_Assigned task_: I'd like the data below restated word for word, with the pictures left out.

_Data below_:
.....

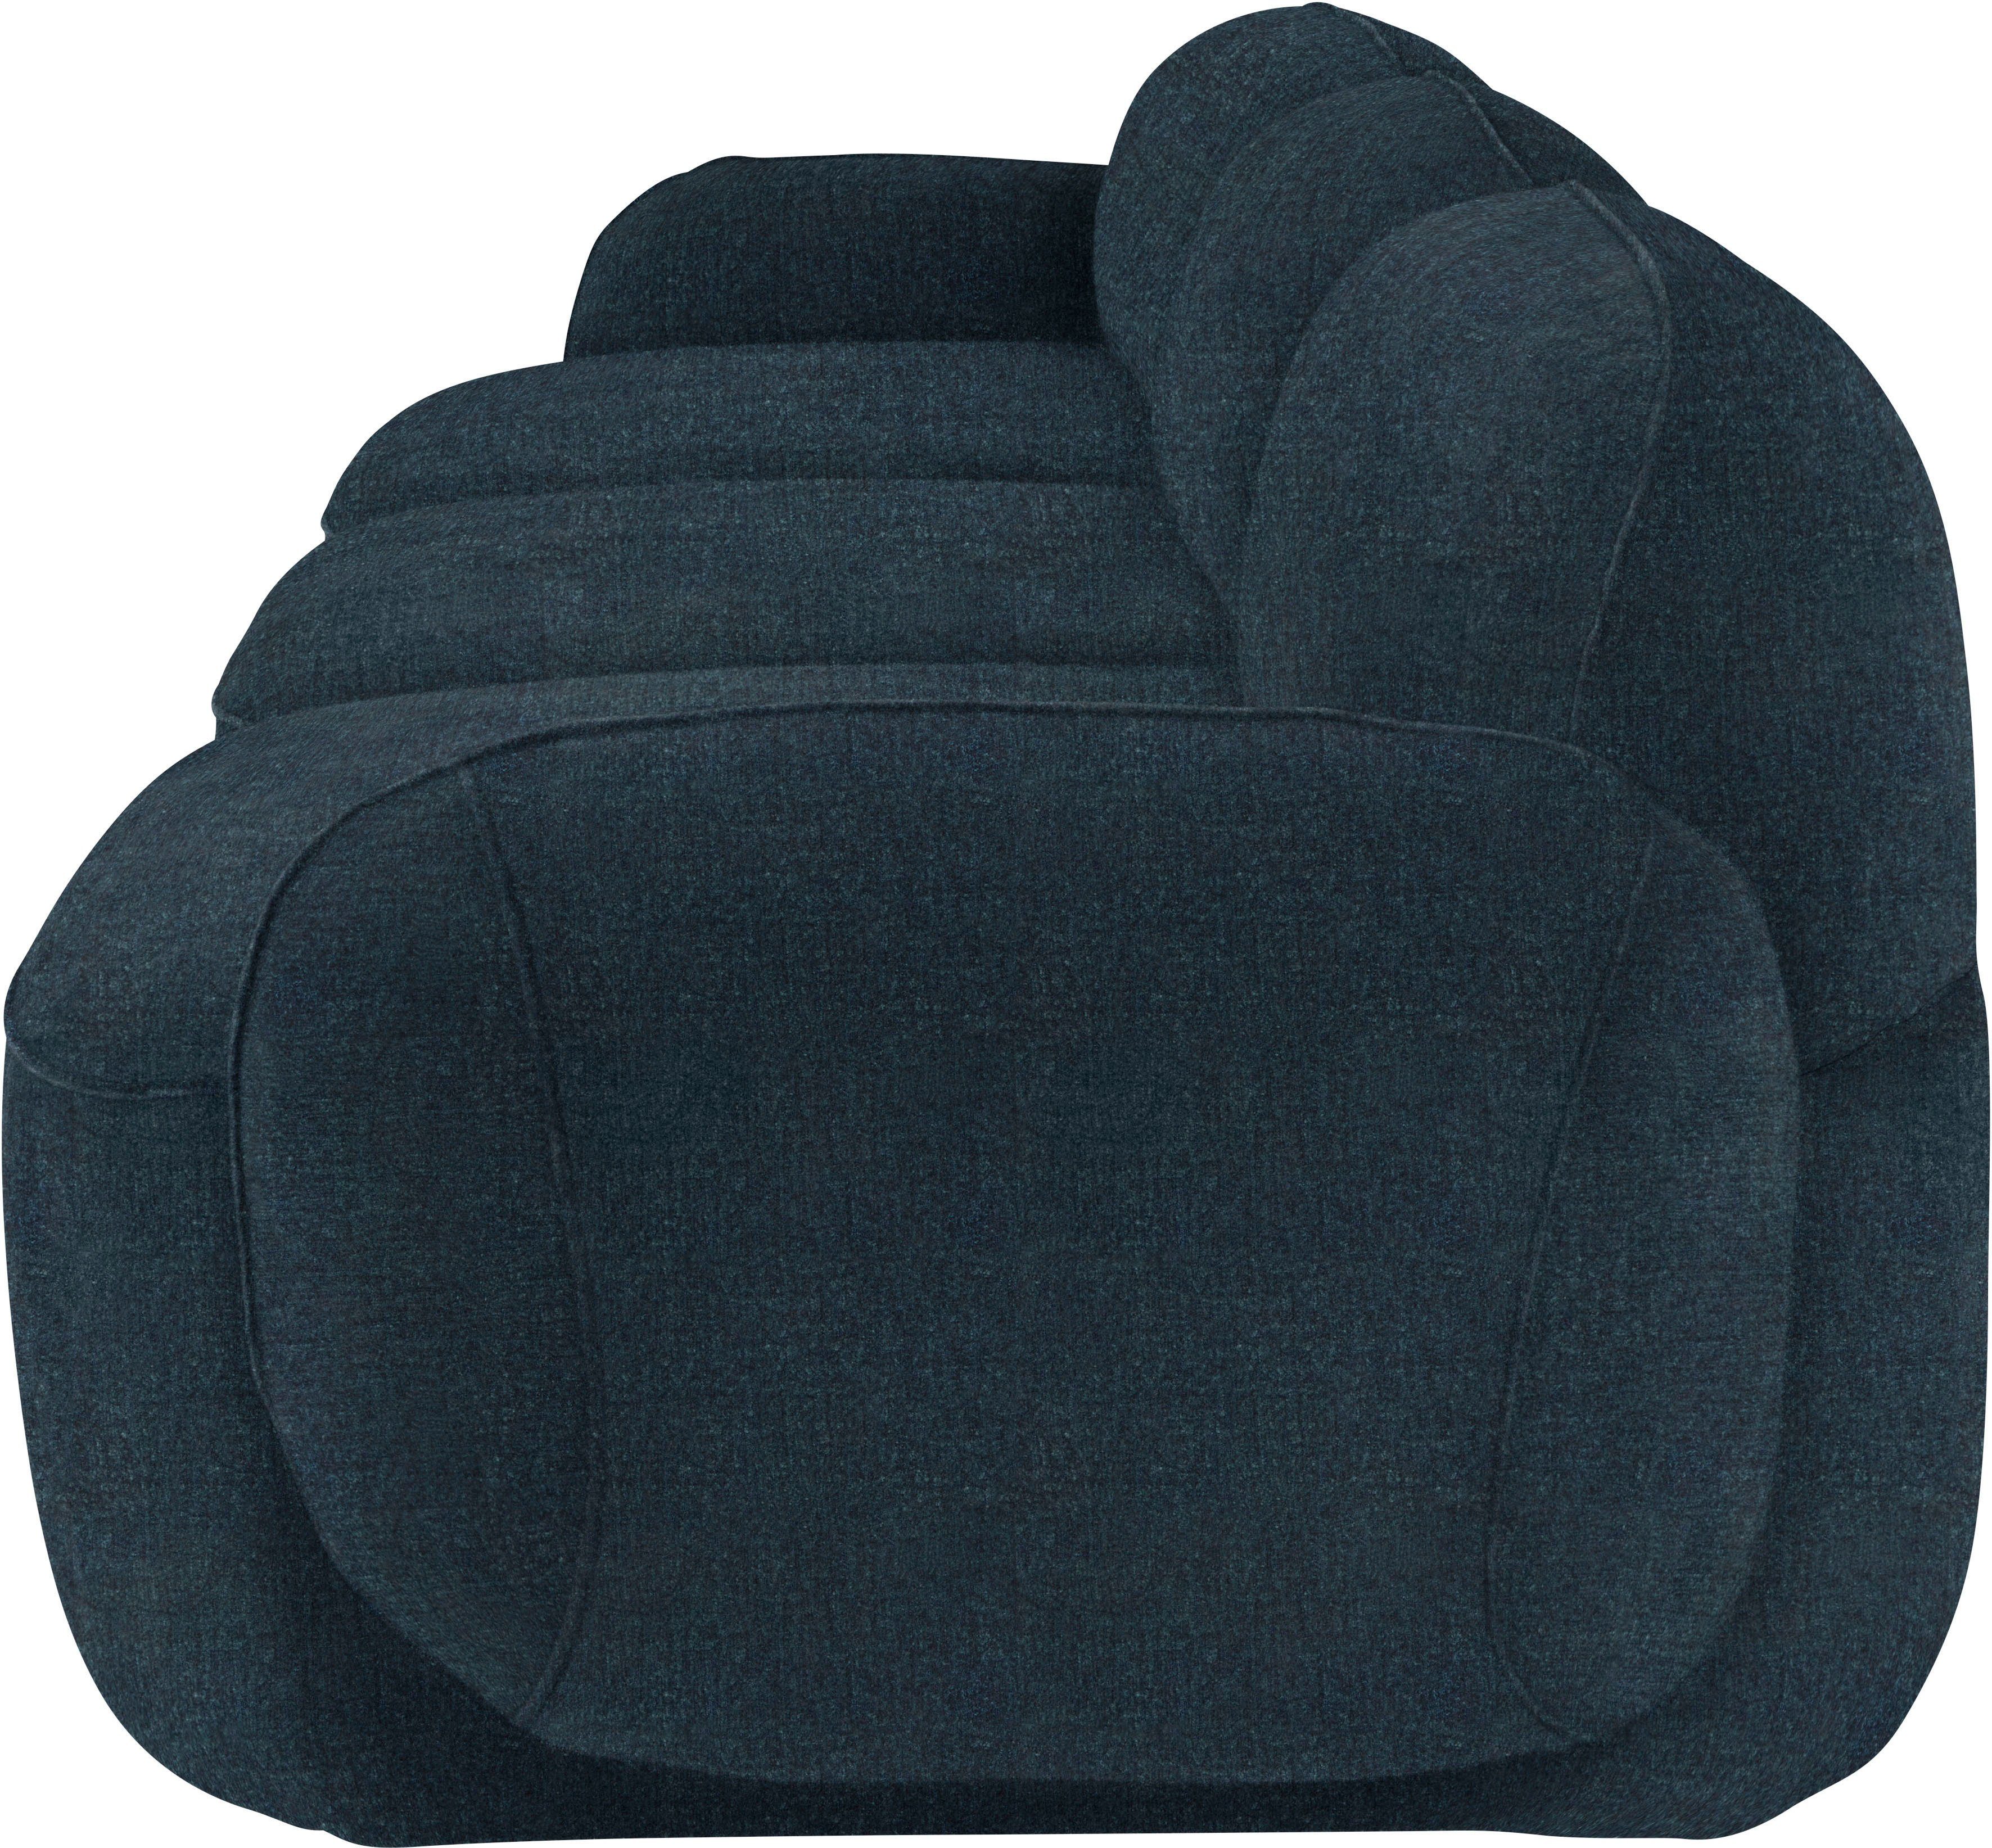 Bubble, Memoryschaum, furninova komfortabel Design im skandinavischen durch 3,5-Sitzer
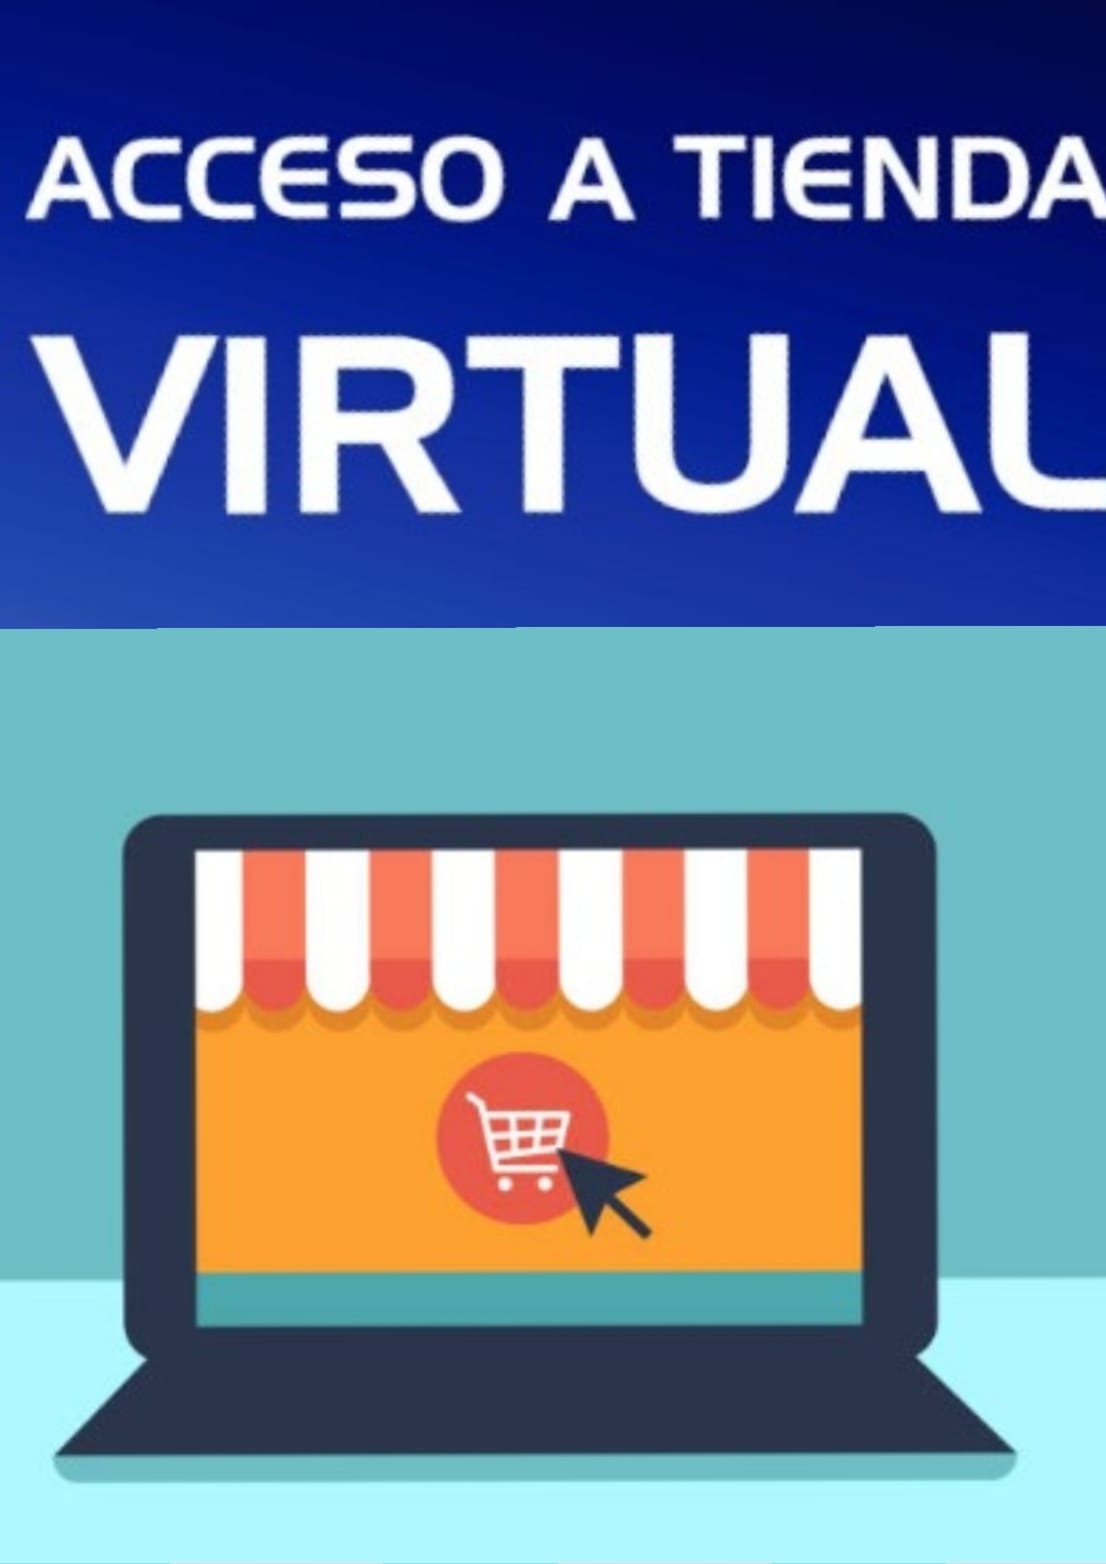 acceso a tienda virtual
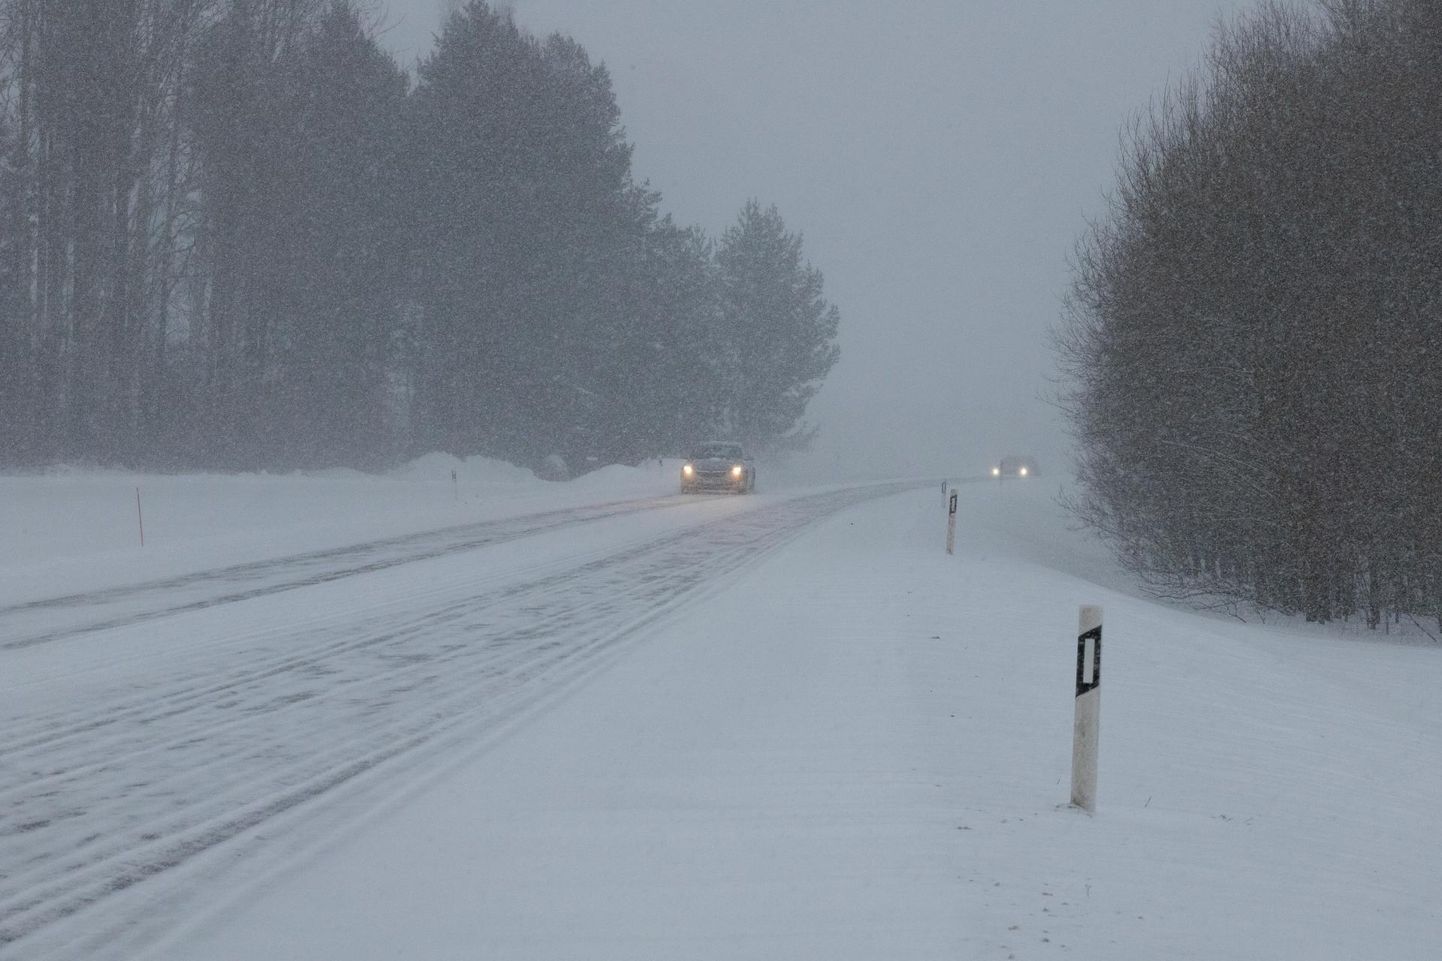 Keskkonnaagentuuri ilmaprognoosi järgi tuleb reedel kuni 26 kraadi külma. Lõuna-Eestis sajab ka lund.
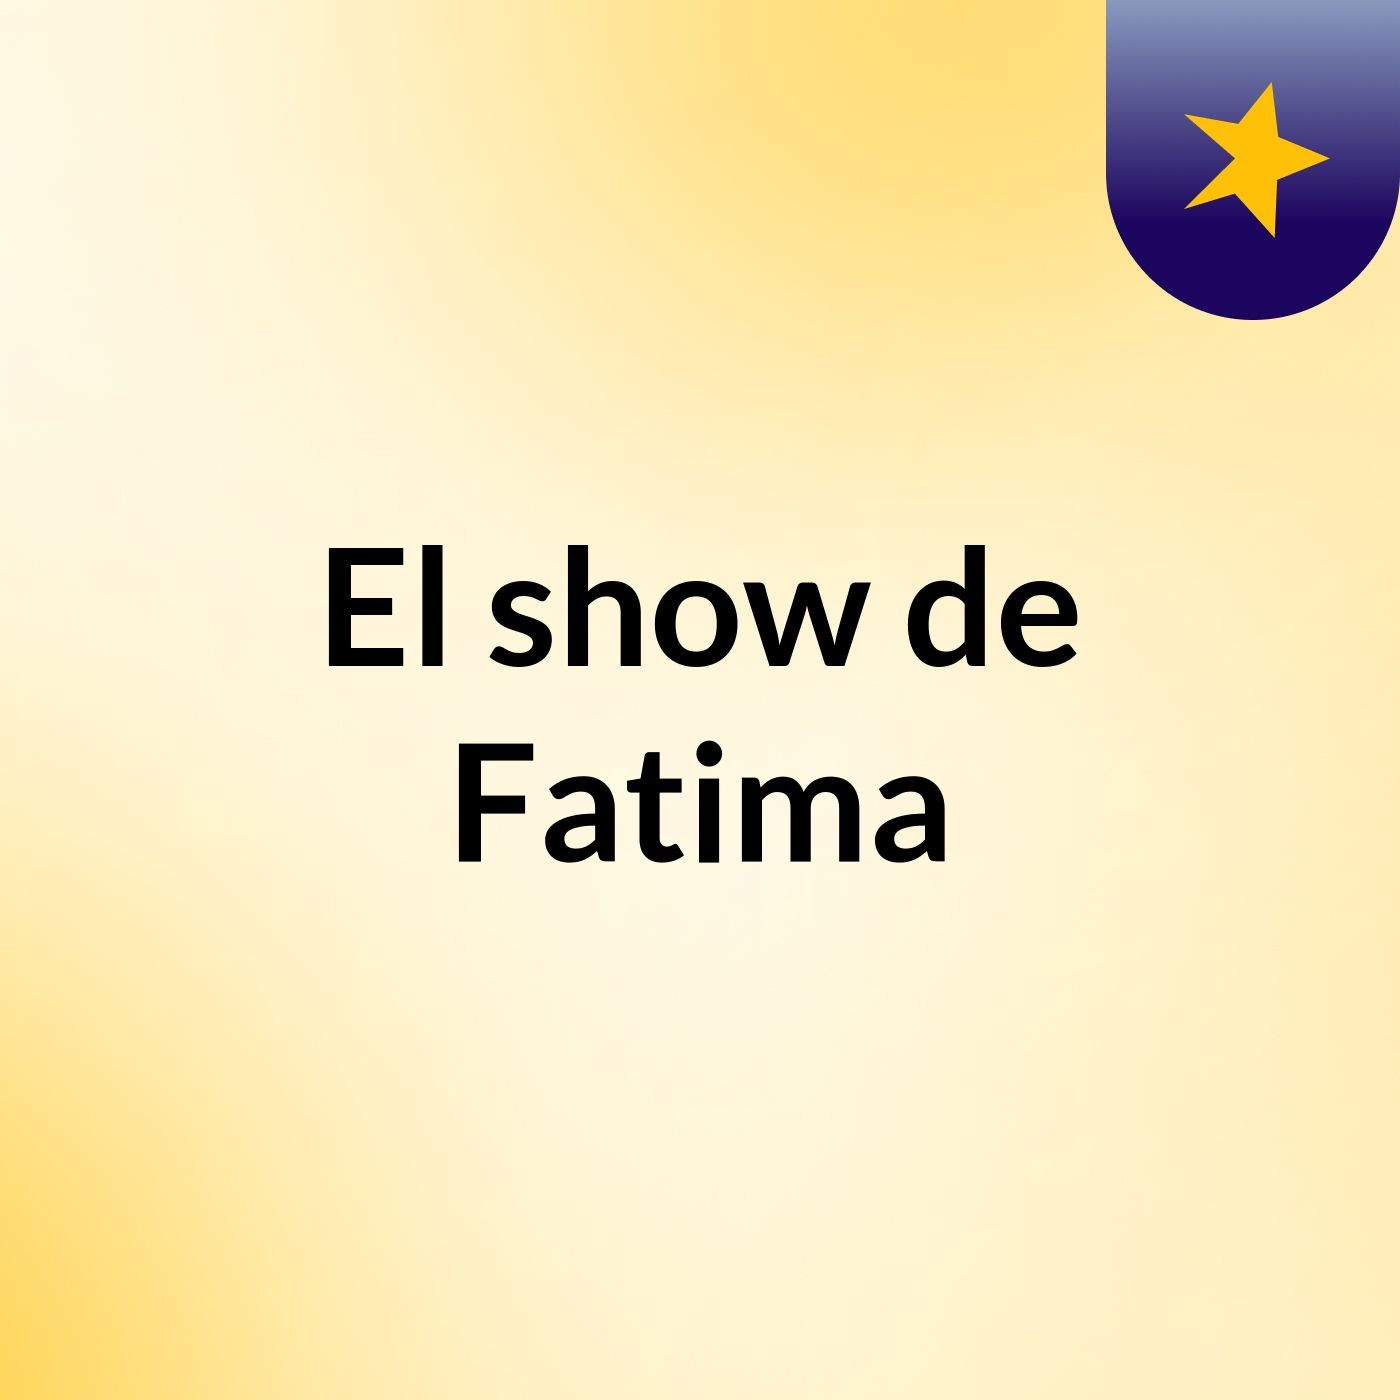 El show de Fatima

.....

_Solution below_:
 Bubble, Memoryschaum, furninova komfortabel Design im skandinavischen durch 3,5-Sitzer
 acceso a tienda virtual
 Keskkonnaagentuuri ilmaprognoosi järgi tuleb reedel kuni 26 kraadi külma. Lõuna-Eestis sajab ka lund.
 El show de Fatima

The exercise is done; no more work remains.